What the Kurdish movement in the second half of this century has lacked, both quantitatively and qualitatively, is a mainly petty-bourgeois modernist intelligentsia. Even when they were present, such elements remained powerless. But if they can find a way of establishing links with the masses, they should be able to play a decisive role in the next phase of the national movement.

It is up to the Kurdish national movement to define and articulate a double strategy: on the regional and international levels, in the pursuit of cultural rights and recognition of a Kurdish entity; on the level of each of the four states concerned, in association with local democratic forces, to bring about a change in the status quo.

After an introduction covering the history of the Kurdish people under the Ottoman Empire, which provides the overall historical context, the texts in this work deal with every aspect of the Kurdish question from the end of the First World War to the collapse of the armed struggle led by Mustafa Barzani in Iraq (1975). The book's originality lies partly in the fact that it covers the Kurdish communities in Turkey, Iran and Iraq, as well as the Kurds of Syria and the USSR, and partly in that these questions are dealt with by Kurdish intellectuals who provide a critical examination of the national movement's heritage.

Gerard Chaliand

Notes
1. Cf. ideas expressed in "Les Kurds et le droit des peuples minoritaires," Le Monde, March 17, 1976 and in "Des minorites encombrantes," Le Nouvel Observateur, July 12-18, 1976.

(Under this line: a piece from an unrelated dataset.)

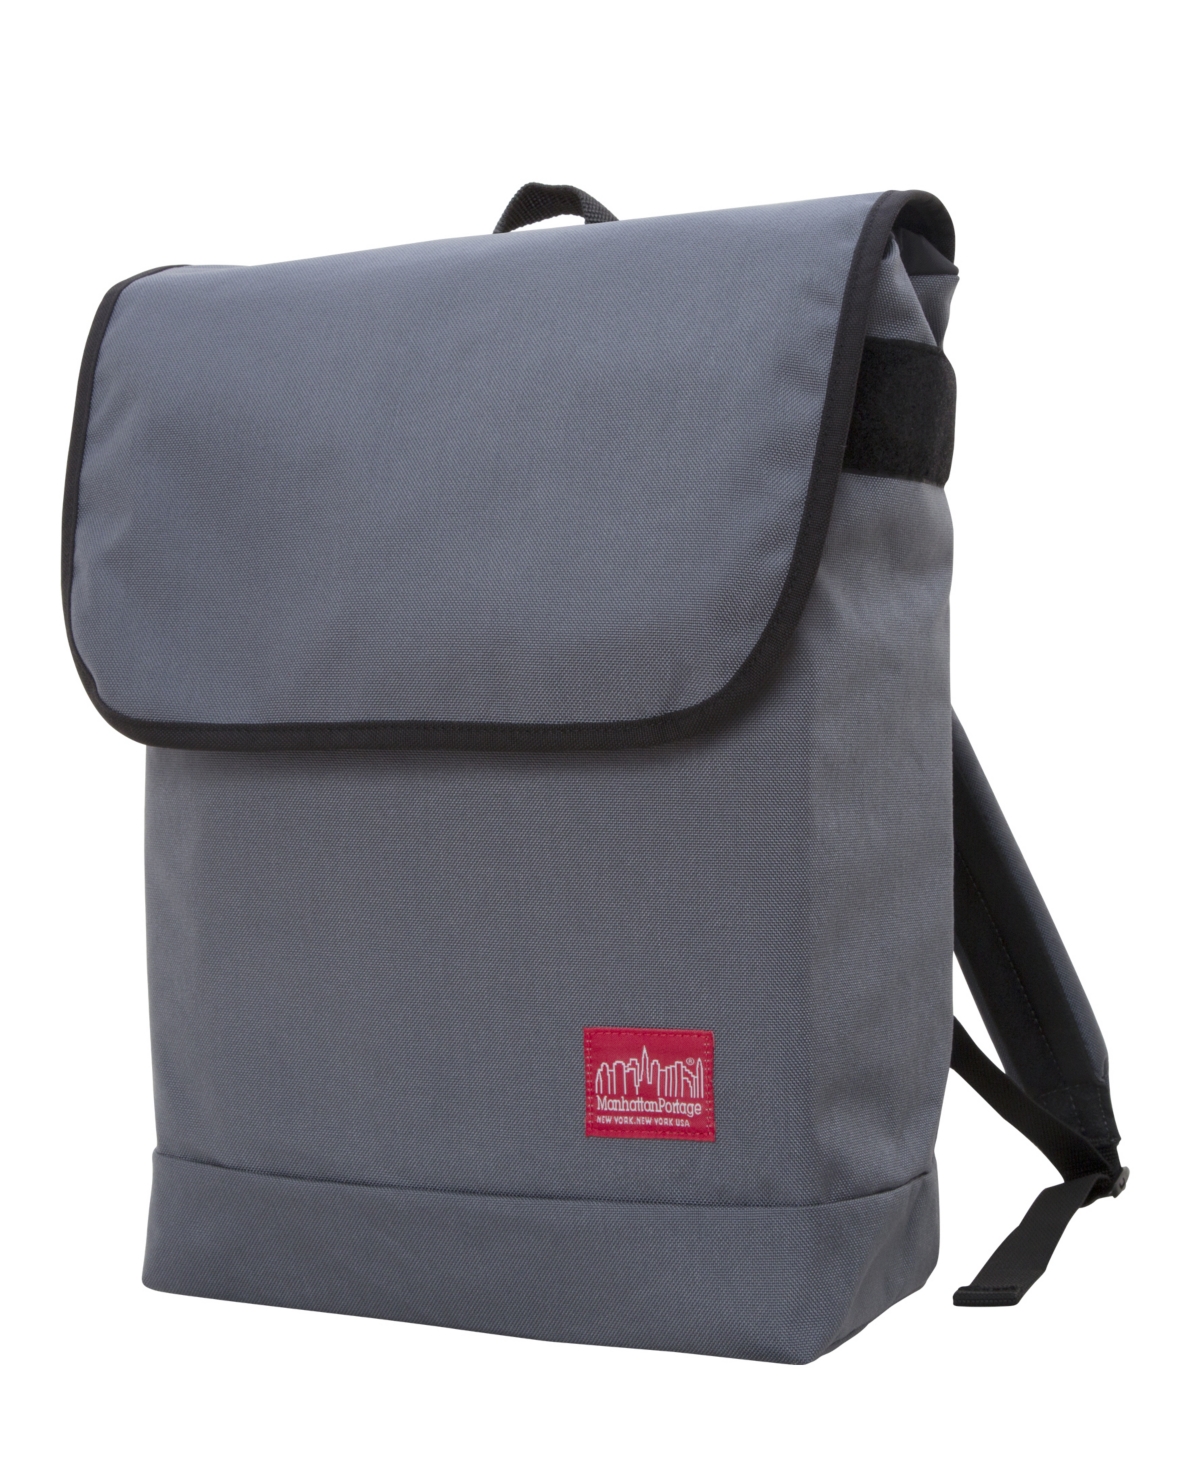 Gramercy Backpack - Gray

2. As in the United Nations Charter, Articles 1 and 55; the right to self-determination is recognized by the UN General Assembly's Resolution 2625/xxv, October 24, 1970.

3. "Certain ethnic groups are well treated by the dominant nations only to the extent that these groups accept abandoning their culture, their mother tongue, their history and their literature, in other words to the extent that they accept assimilation. We have a duty to encourage these ethnic groups to oppose assimilation, to develop and enrich their mother tongue, their literature and their culture. Only in this way can world culture develop, enrich itself and serve humanity" (Article 18 of the Statutes of the Human Rights Commission).

4. Cf. Declaration universelle des droits des peuples. July 4, 1976 (Section vi on Minority Rights, Articles 19-21), Maspero (Paris; 1977).

5. Except under a colonial administration, a foreign occupation or a racist regime; minorities are thereby excluded from the scope of the law. Cf. the International Red Cross's diplomatic conference on human rights in war time, Geneva, April—May 1977; details in Le Monde, June 9, 1977.

6. Roger Lescot, Mame Alan, a collection of oriental writings. Institut Francais de Beyrouth, Texts Kurdes, Vol. II, 1942.

7. The Pike Report reproduced in The Village Voice, New York, February 23, 1976.

8. Cf. "Kurdistan in Turkey" in this volume.

9. Vietminh or NLF in Vietnam, Amilcar Cabral's PAIGC, the Eritrean PLF, etc.